UCB's Global Corporate Website

This section is intended for media and financial analysts

UCB: Inauguration of New Keppra Production Unit

pdf english pdf french pdf nederlands

Brussels, 3 December 2004

This Friday 3 December 2004, at the invitation of Georges Jacobs, Chairman of the Executive Committee of UCB, and of Roch Doliveux, Director-General of UCB Pharma, H.R.H. Prince Philippe of Belgium inaugurated the new production unit for the Keppra antiepileptic drug at Braine-l'Alleud in the presence of Jean-Claude Van Cauwenberghe, Minister-President of the Walloon Region.

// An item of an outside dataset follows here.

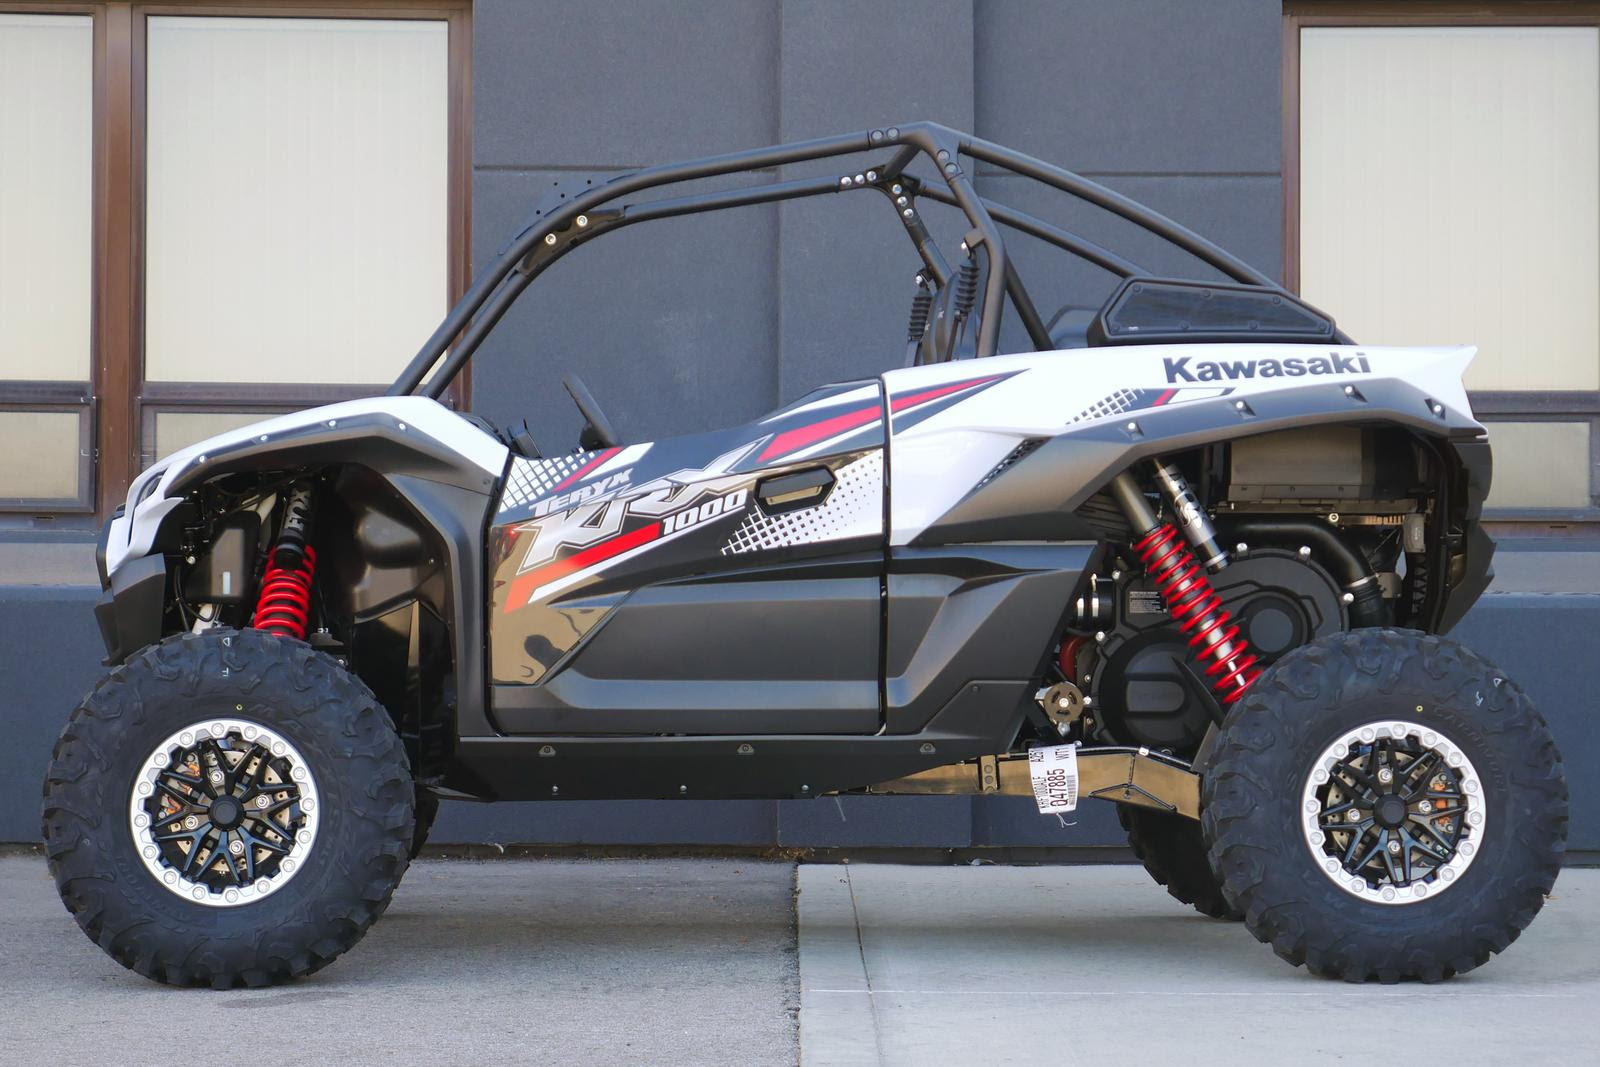 2020 Kawasaki Teryx 1000 For Sale In Indianapolis In Flat

This new production installation has been made necessary by growing demand for Keppra, the new jewel in the UCB Pharma crown. This unit represents an investment of 30 million Euro and creates 120 new jobs. Over the past 25 years, UCB Pharma has seen its ordinary profit rise from 10 million Euro to 402 million Euro in 2003 and the workforce at its Braine-l'Alleud facilities, from 200 to 2200 employees. Since the creation of the site till today, UCB has invested in Braine 350 million Euro.

Unique technology
The new installation operates fully to GMP (Good Manufacturing Practices) standards, an area in which UCB played a pioneering role with its first GMP facility at Braine back in 1996. The new plant applies a totally unique manufacturing technology, based on the principle of continuous chiral chromatographic separation. This is based on the fact that certain molecules, like that of Keppra, can exist in a right-hand and left-hand configuration. As the two configurations are not equivalent, and since the pharmaceutical industry is increasingly required to place only enantiomerically pure products on the market, the inactive configuration is removed during production. The new installation is the largest GMP unit of its type in the world.

Keppra production
Production capacity at the newly inaugurated plant is 150 tonnes a year, on top of the 80 tonnes already produced at the UCB site at Bulle, Switzerland. The new unit employs 170 people in all. Researchers from the separation and purification centre provide backup research to the chemical research undertaken on site and another team has helped identify and develop the industrial processes. This technology calls for special training. UCB prepares its own high level chemists, who need 12 to 18 months' training to master the process and the equipment.

World-wide development of Keppra
Keppra's success is such that existing plants have had to be adapted to meet growing world demand. Today over 95% of Keppra production is exported to 140 countries. The needs of the entire American market are met by Belgium alone. This requires the local facilities to comply with stringent Food and Drug Administration standards. Braine-l'Alleud is also home to UCB's worldwide expertise centre for the central nervous system where the successors to Keppra are being developed. Two promising compounds are already at an advanced stage of development in the clinical studies. A pro-environment site

Since 1991 UCB has been committed to the Responsible Care programme which closely relates economic profit to respect for people and the environment. The Keppra manufacturing process, based on multicolumn chromatography technology, illustrates the constant attention paid to the problem of waste production. Industrial scale application of this technology cuts waste by 55%, improves production yield and reduces the quantity of solvents used.